At the same time, growers are not speculating as much as they used to, and instead, most are planting what they want or just shy of what they want. This is due to increased farming and input costs and macroeconomic factors such as inflation and the economy in general mean that growers cannot afford to harvest produce and spend it as they may have historically.
Demand remains consistent
And then there is strong demand. “With the economy slowing down, the industry thought that demand would step down a lot. However, demand has remained relatively steady,” says Vaughan. “It’s the perfect storm of a supply shortage and a market boom. I’ve never seen anything like it.”
That has turned the eyes to other growing regions, starting with Huron, California, almost an intermediary stop for shippers between Salinas and the desert region, which traditionally starts in mid-November. “However, many shippers gave up on that Huron and went from Salinas right to Yuma because of the cost and complexity of an intermediary stop. Those are even worse things,” says Vaughan.
The desert region is also off to a strong start, as some of the crops have recently been affected by storms and hurricanes. “So some growers who don’t have product left in Salinas are already in the desert, cutting a week or ten days ahead of schedule.

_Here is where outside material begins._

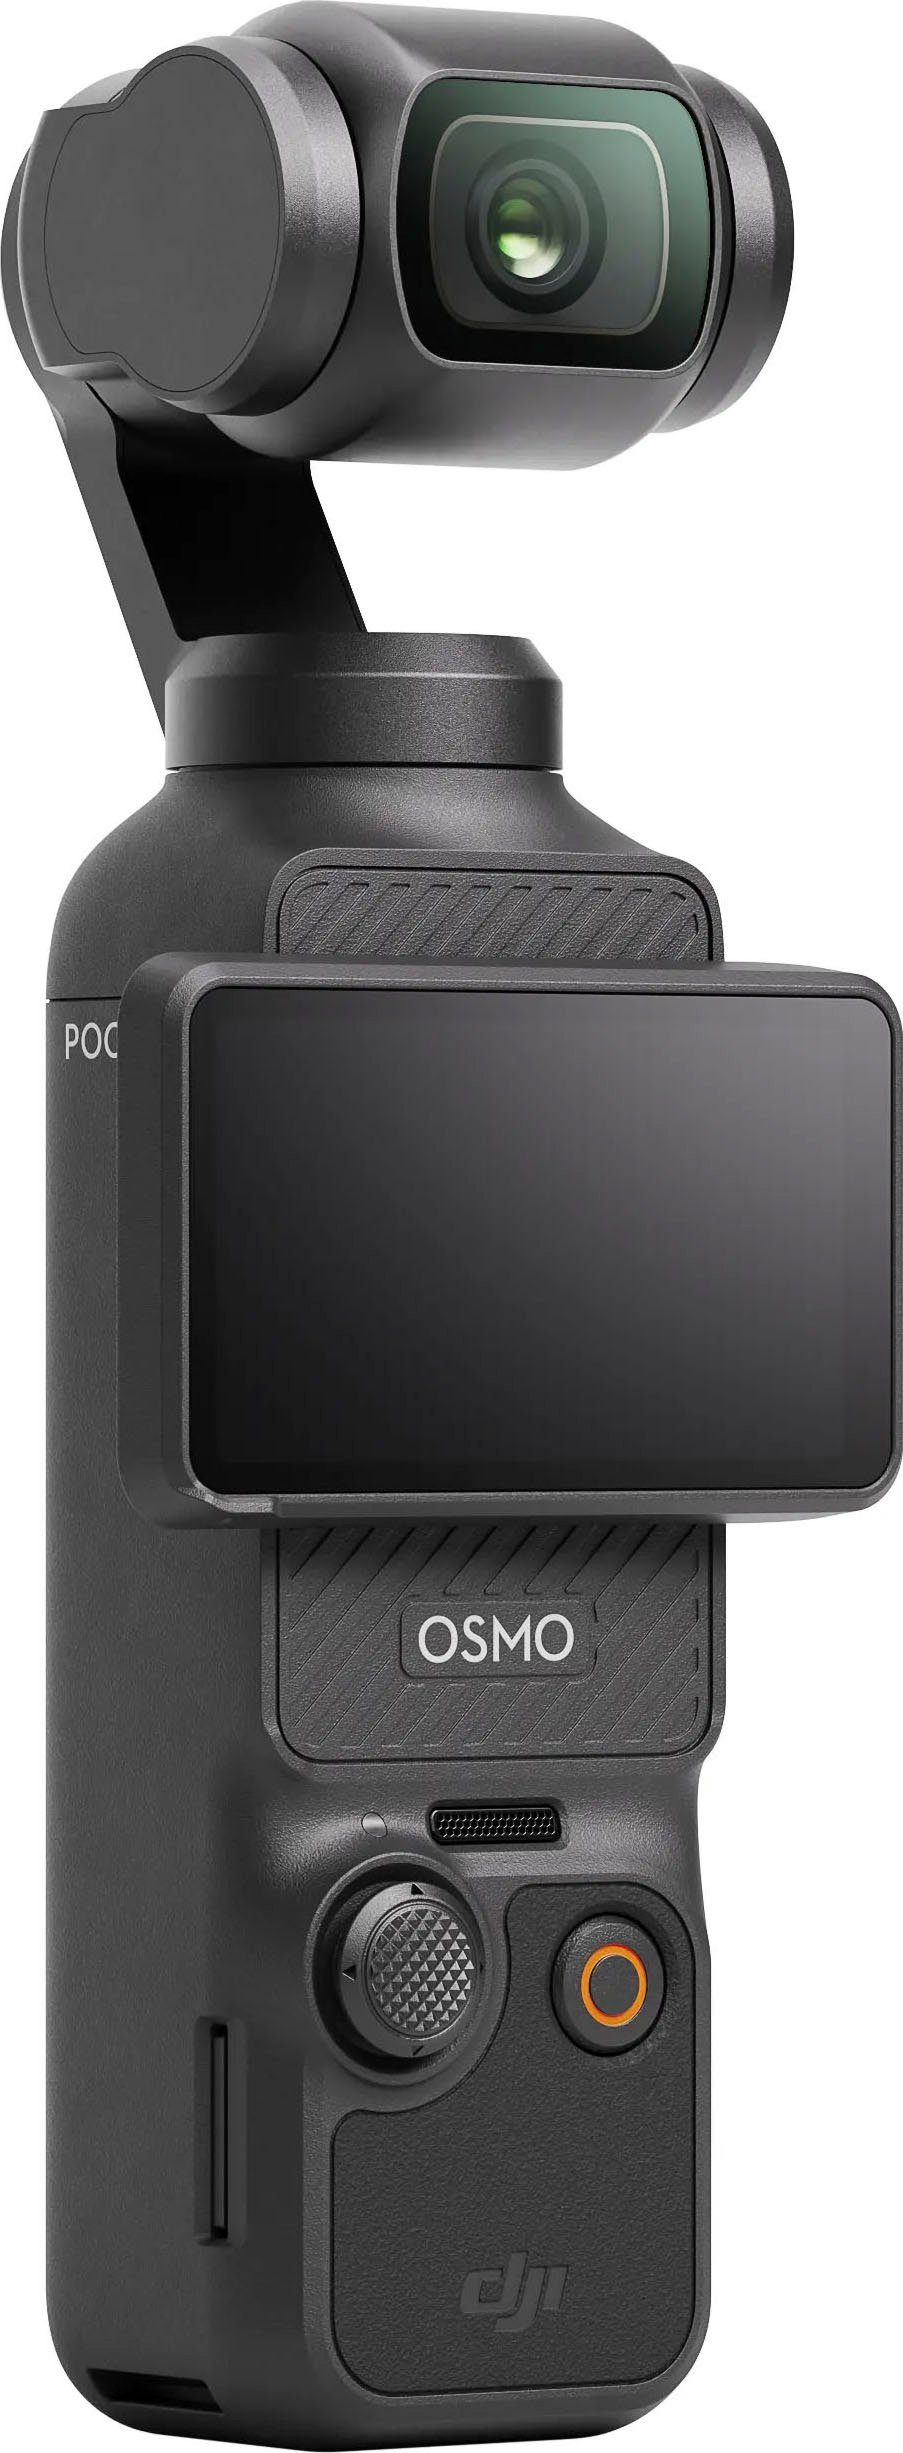 3 Osmo HD, Pocket DJI Bluetooth) (4K Camcorder Ultra

That will create a gap, which will add to the impact of this,” he says.
Typical December slowdown
Looking ahead, markets could remain this way until mid-December – demand for leafy greens tends to decrease after the start of December. “Markets going as they are must start to stifle demand. Consumers don’t necessarily want to buy a $5.50 head of lettuce,” says Vaughan.
Together that could slow down the markets next month. “With further tightening of the market and people moving away from buying these expensive items because they cannot afford them, the drop in demand could be quite significant. This damage to the consumer may have a long tail in that the consumer has never seen prices like this before,” says Vaughan. “I think it will be good into December until we see something approaching normal. By then, it could be in the $20s.”